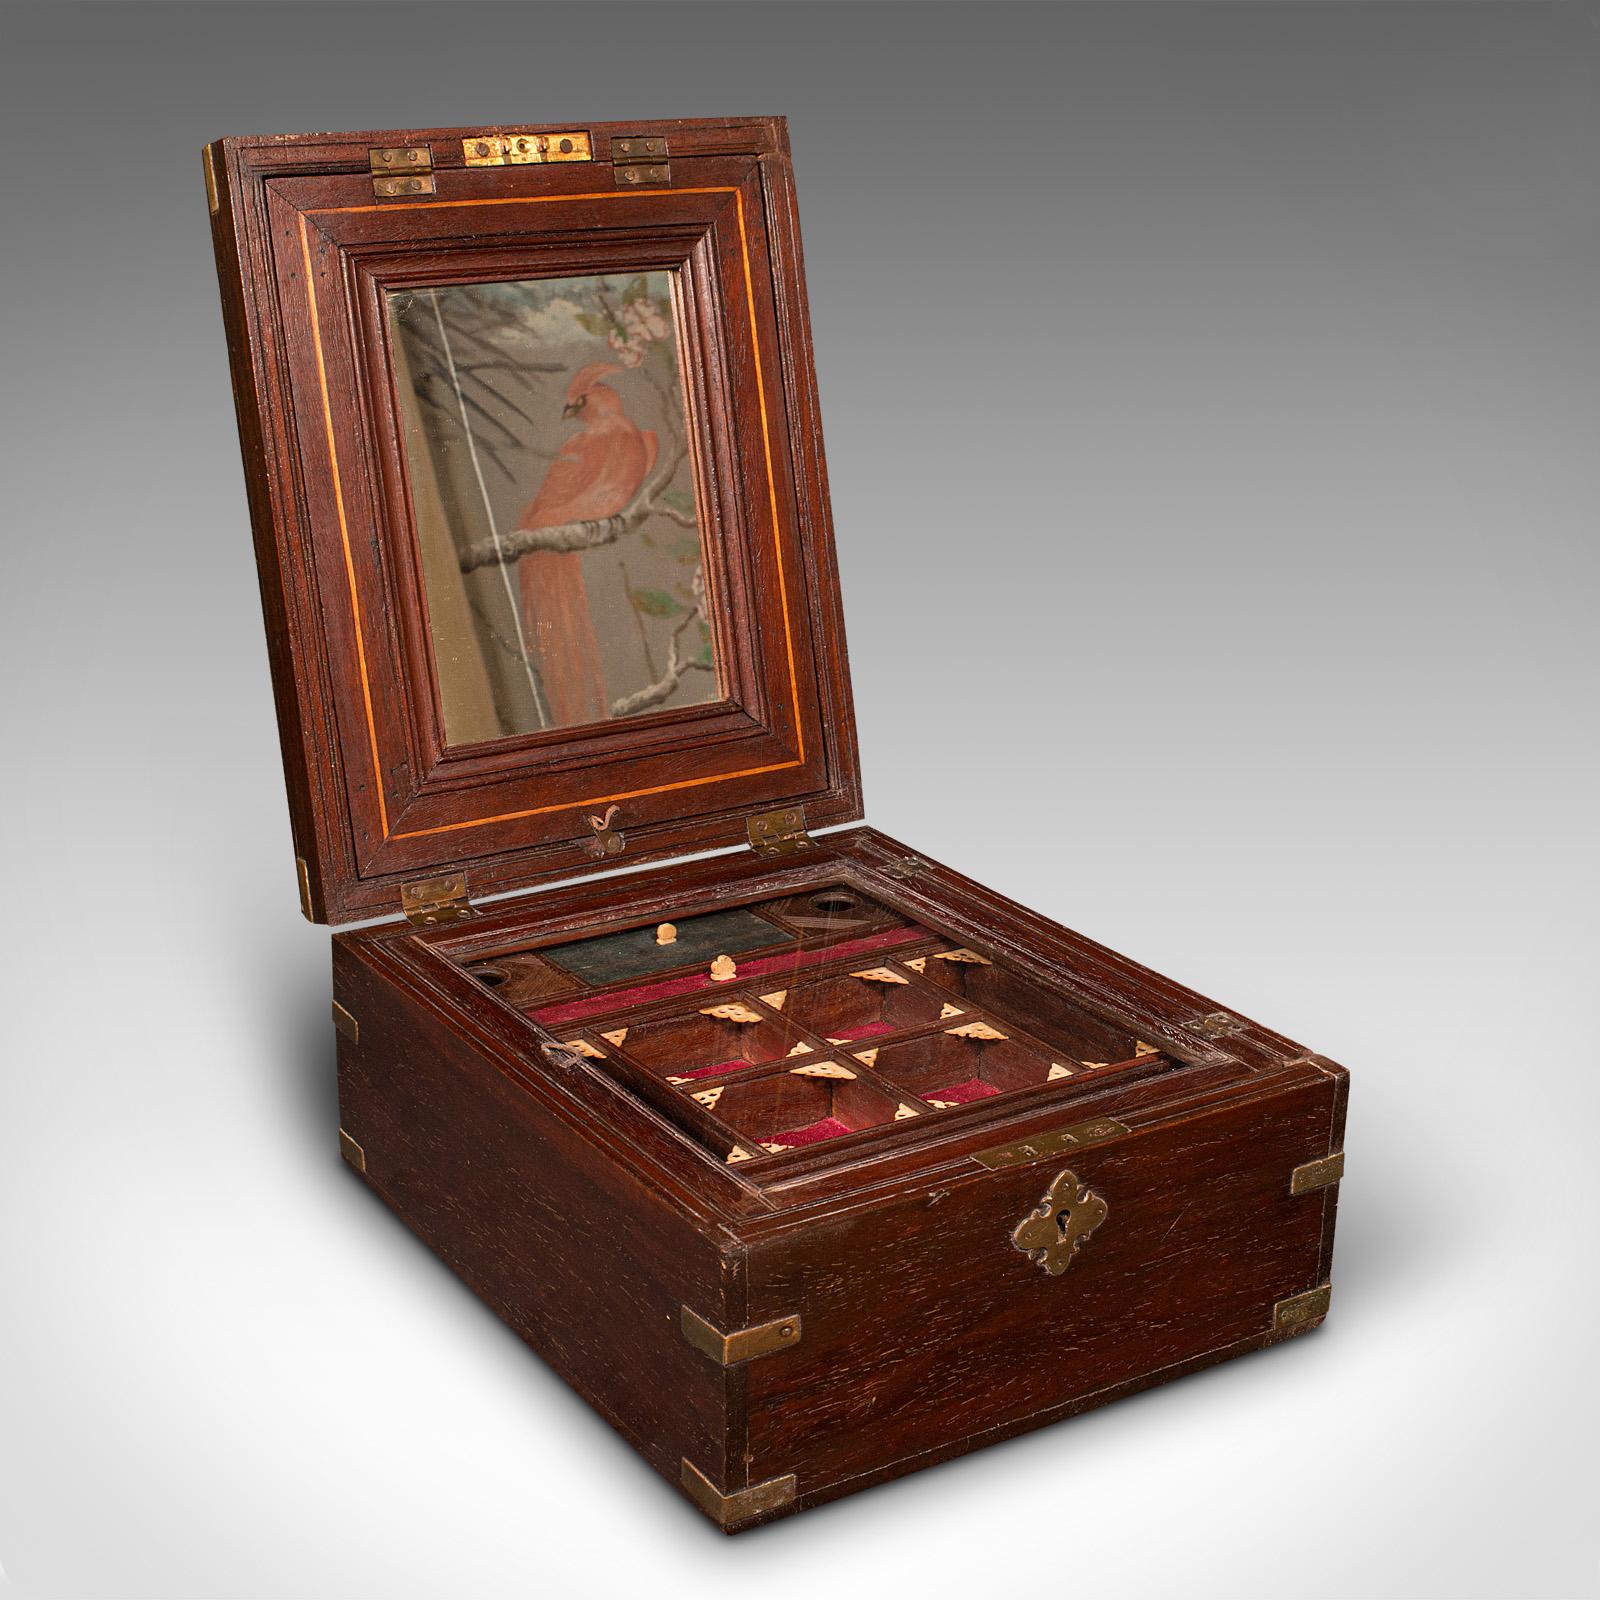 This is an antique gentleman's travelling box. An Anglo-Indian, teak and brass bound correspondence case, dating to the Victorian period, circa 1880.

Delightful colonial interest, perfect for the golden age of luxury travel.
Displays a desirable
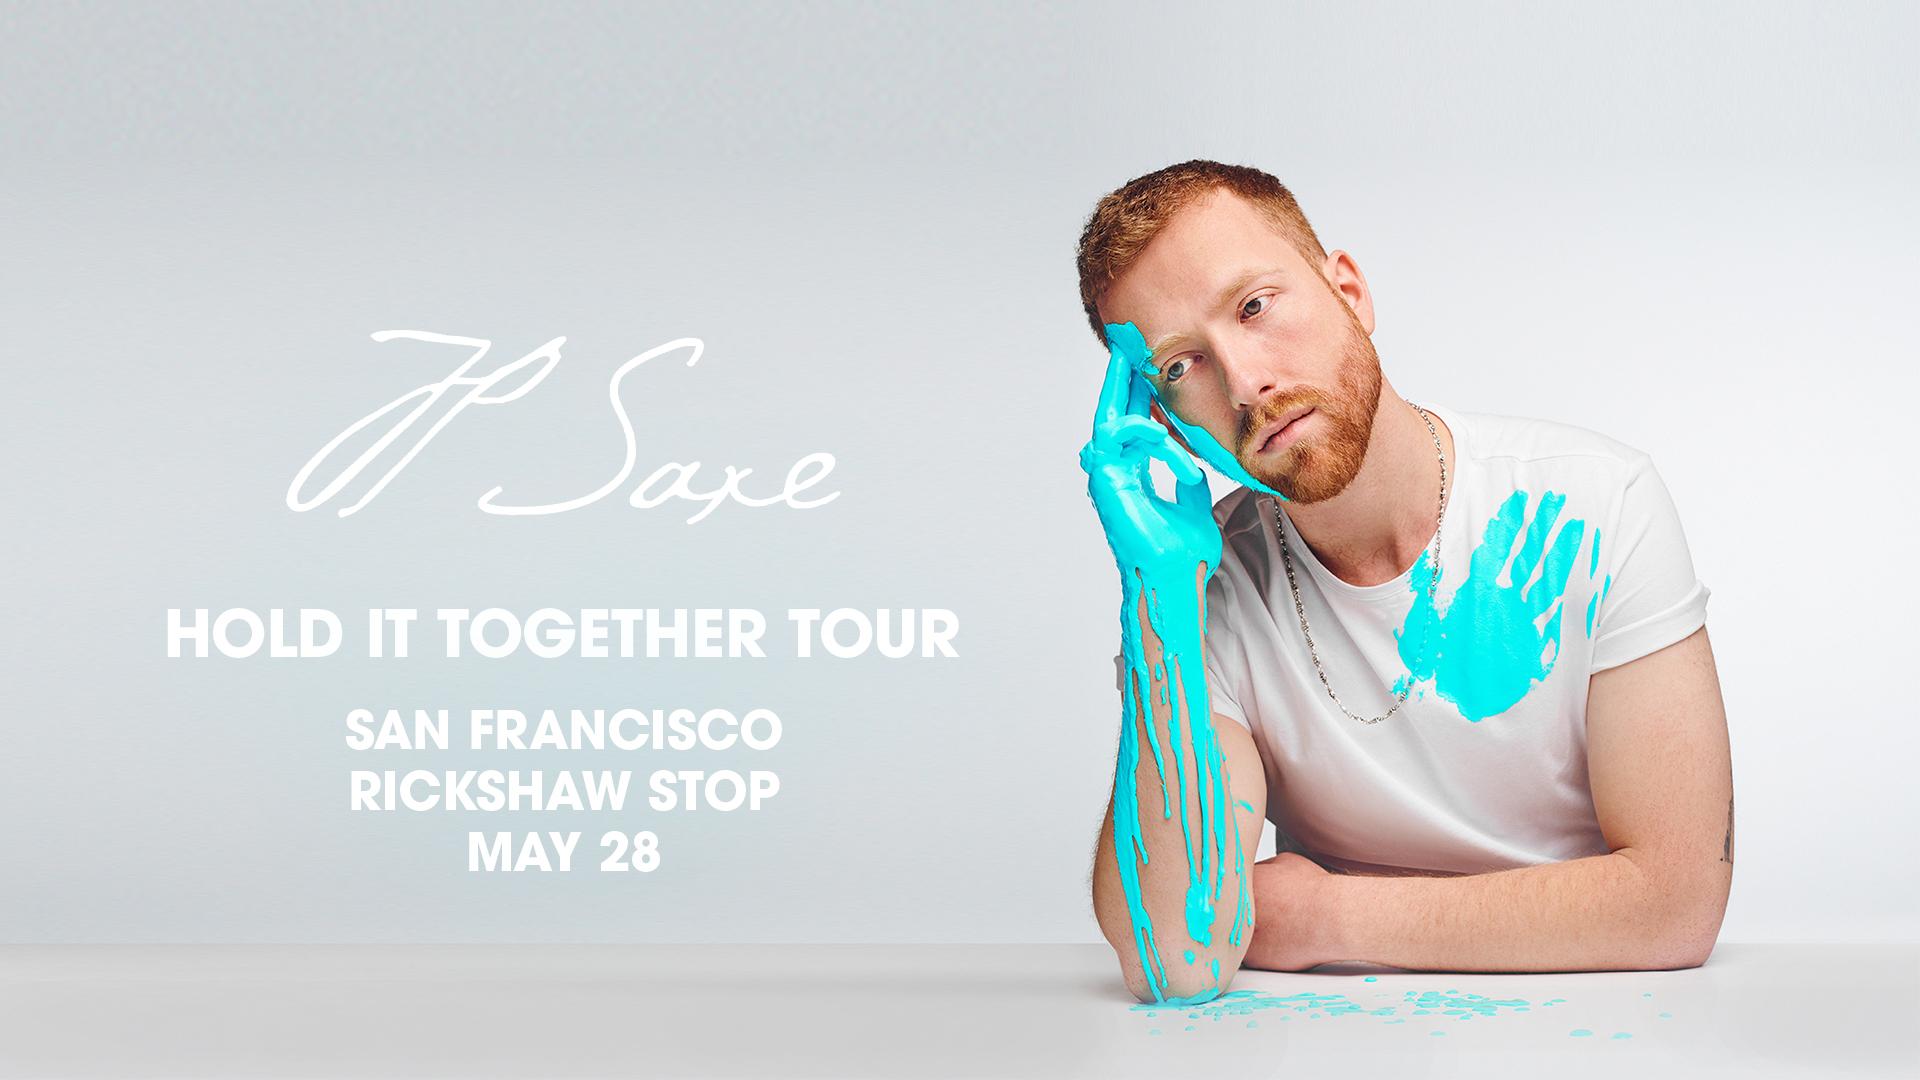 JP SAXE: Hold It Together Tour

::::

• Problem description
Repeat the full listing above exactly, with no pictures in the copy.

• Exercise output
 This is an antique gentleman's travelling box. An Anglo-Indian, teak and brass bound correspondence case, dating to the Victorian period, circa 1880.

Delightful colonial interest, perfect for the golden age of luxury travel.
Displays a desirable
 JP SAXE: Hold It Together Tour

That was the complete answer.